입력신호(V_in)가 윈도우(11)에서 직교변환 블록 길이별로 분리한 후, 직교변환부(12)에 의해 직교변환되고, 한편으로는 파워산출부(13)에 공급되어 평균 파워가 산출되며, 가청 드레쉬홀드 계산부(4)는 그 산출된 평균 파워 레벨에서 가청 드레쉬홀드값(절대마스킹)을 계산한다.After the input signal (V _in ) is separated by the orthogonal transform block length in the window 11, it is orthogonally transformed by the orthogonal transform unit 12, and supplied to the power calculating unit 13 to calculate the average power. The audible threshold calculation unit 4 calculates an audible threshold value (absolute masking) at the calculated average power level.

한편, 부대역별 피크치 검출부(18)는 상기 직교변환부(12)에서 출력되는 변환된 스펙트럼 신호를 귀의 임계대역에 맞추어 부대역으로 분류함과 아울러 부대역별 피크치를 계산하며, 상기 마스킹레벨 계산부(19)는 이렇게 검출된 피크치에 따라 상대 마스킹레벨을 구하게 되는데, 상개 마스킹이란 절대 마스킹 이상의 파워를 가진 성분이라도 근처의 큰 파워성분에 의해 들리지 않게되는 것을 의미한다.Meanwhile, the subband peak value detector 18 classifies the converted spectral signal output from the orthogonal transform unit 12 into subbands according to the threshold band of the ear and calculates the peak value for each subband, and calculates the masking level calculator ( 19) calculates the relative masking level according to the detected peak value. The upper masking means that even a component having a power higher than the absolute masking cannot be heard by a nearby large power component.

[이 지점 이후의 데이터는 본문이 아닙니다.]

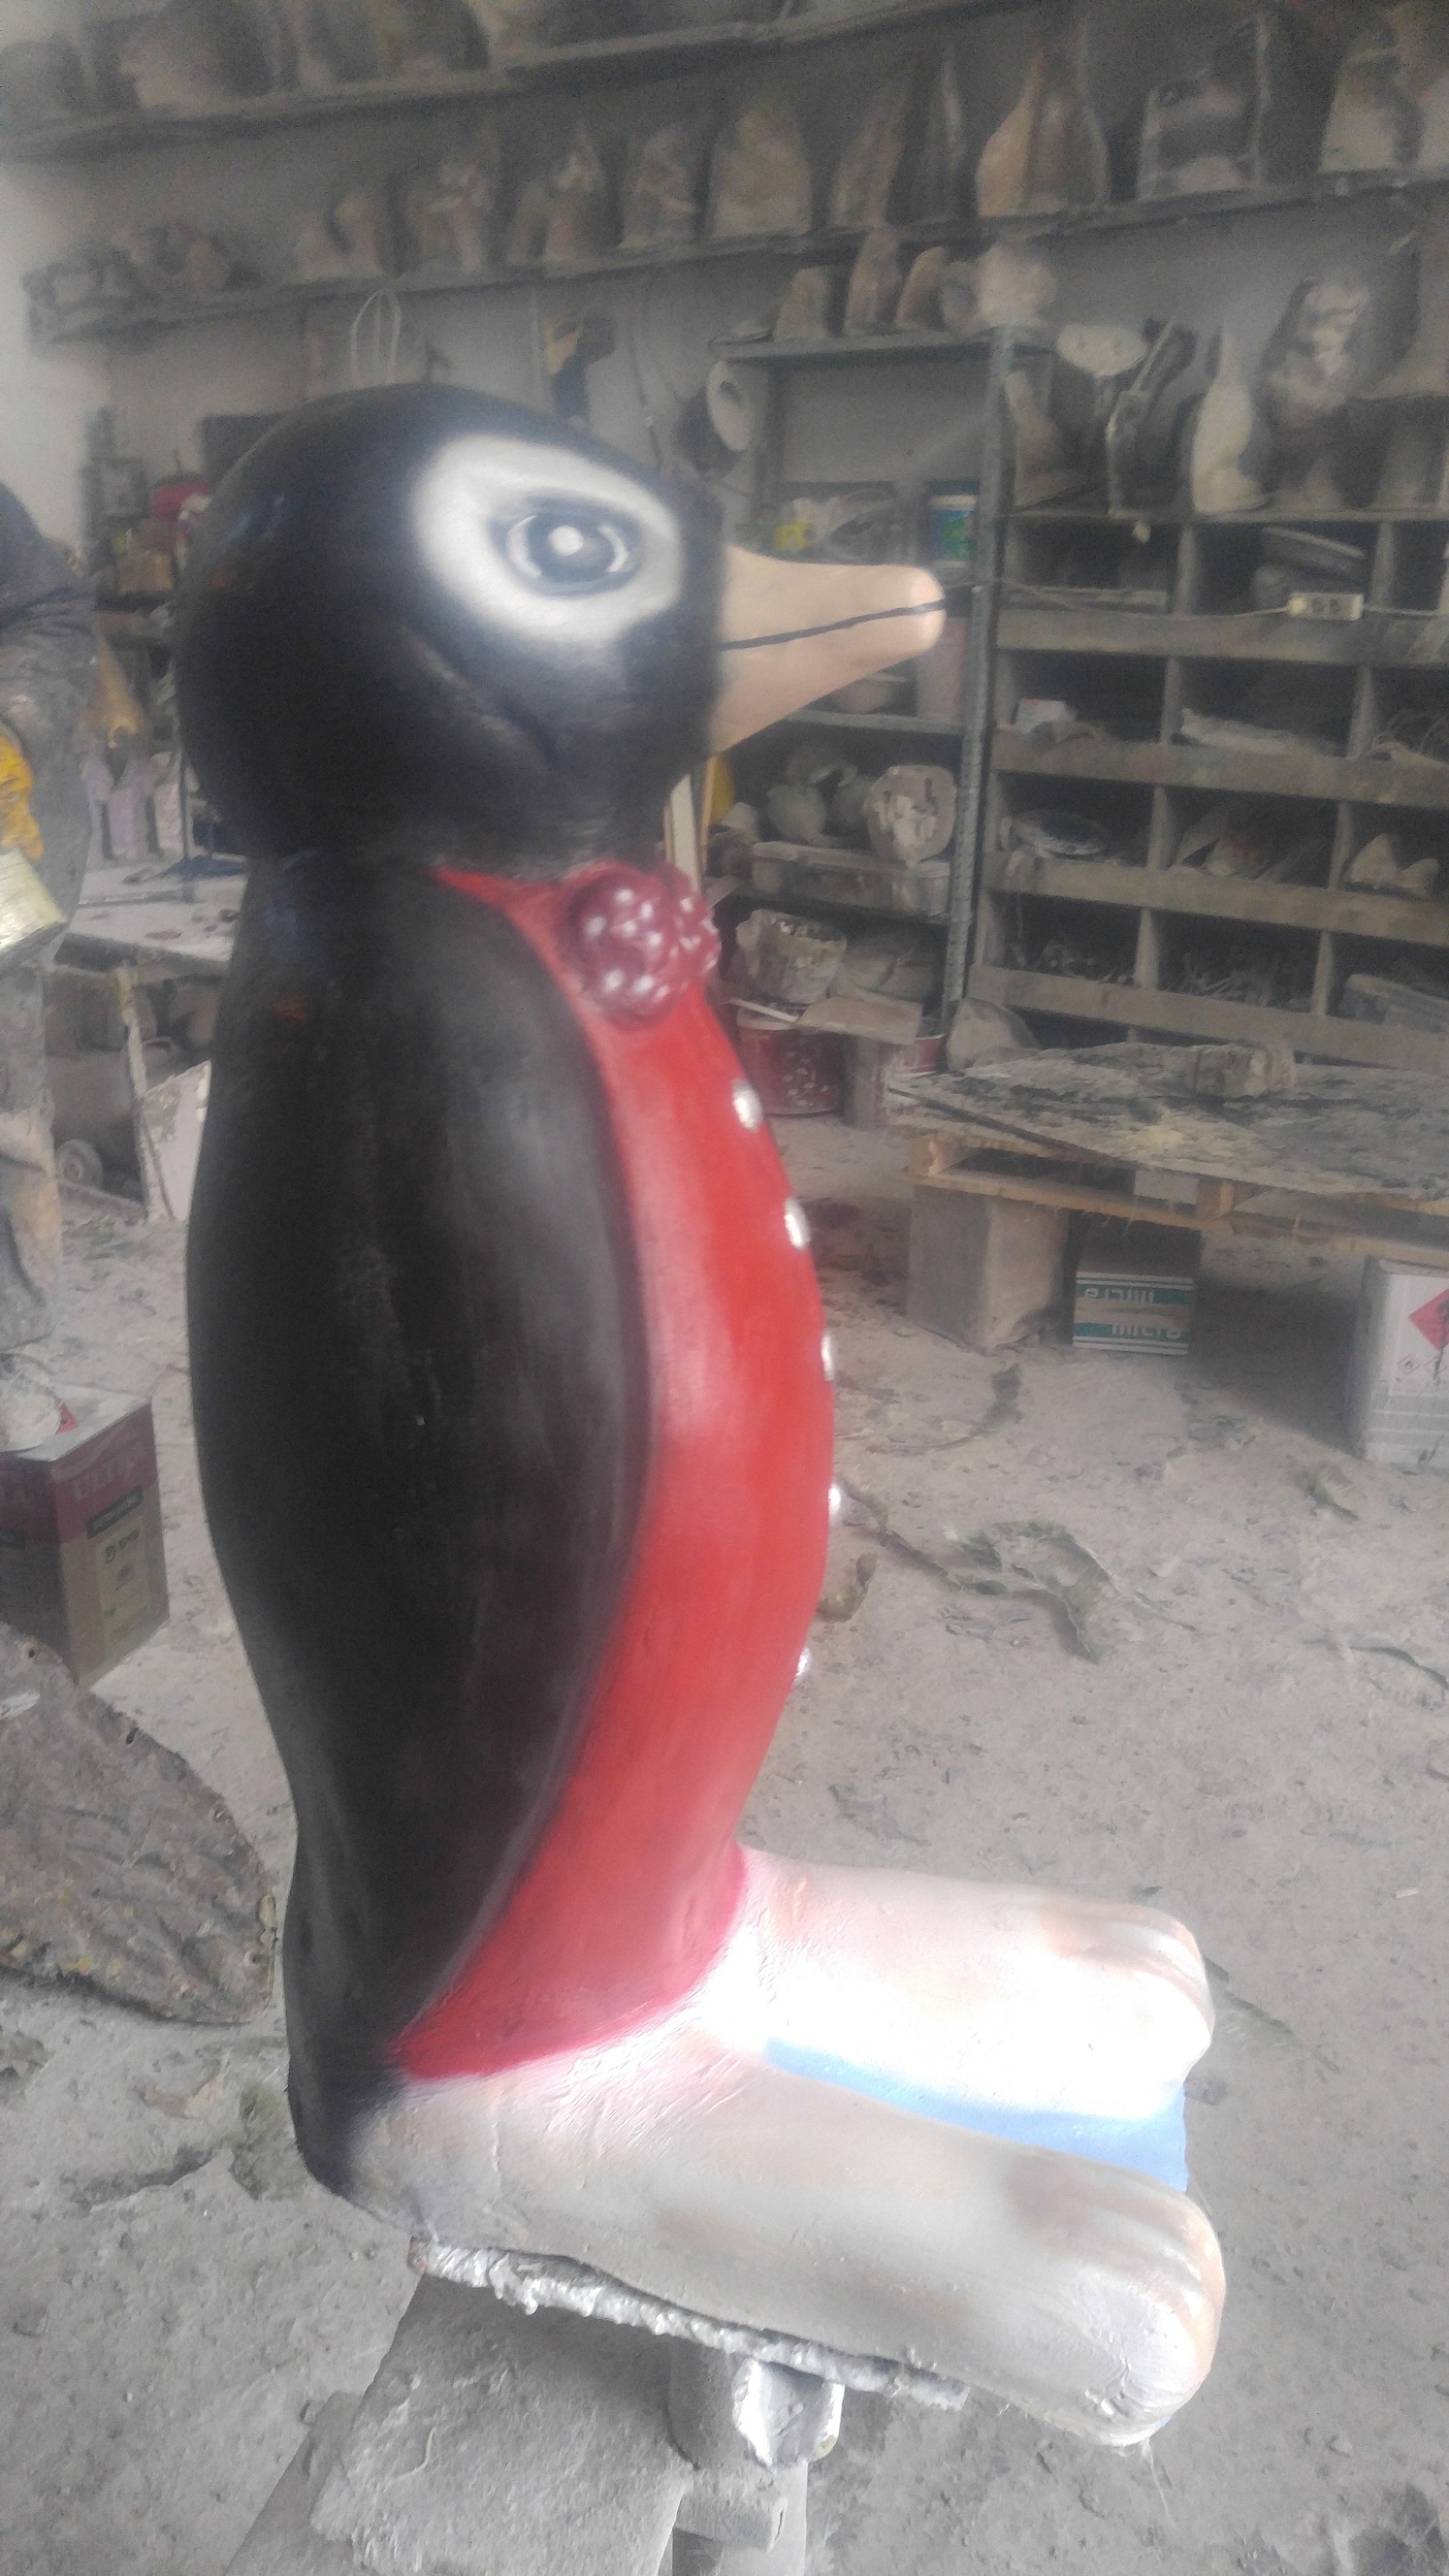 kuzey penguen: fiber en.45 boy.27 yüks.76 ağr.4

그 상대 마스킹레벨은 제5도에서와 같이, 주파수 대역을 사람의 귀로 인식할 수 있는 임계대역(A₁, A₂, A₃……A_n)에 의거하여 부대역으로 분류하고, 각 부대역에서의 피크치를 계산하여 저주파 대역으로는 25dB/OCT의 기울기로, 고주파 대역으로는 -10dB/OCT의 기울기로 감소하는 레벨을 설정하여 구해진다.The relative masking level is classified into subbands based on the critical bands A ₁ , A ₂ , A ₃ ... A _n , which can recognize the frequency band as the human ear, as shown in FIG. 5. The peak value at is calculated by setting a decreasing level at a slope of 25 dB / OCT in the low frequency band and a slope of -10 dB / OCT in the high frequency band.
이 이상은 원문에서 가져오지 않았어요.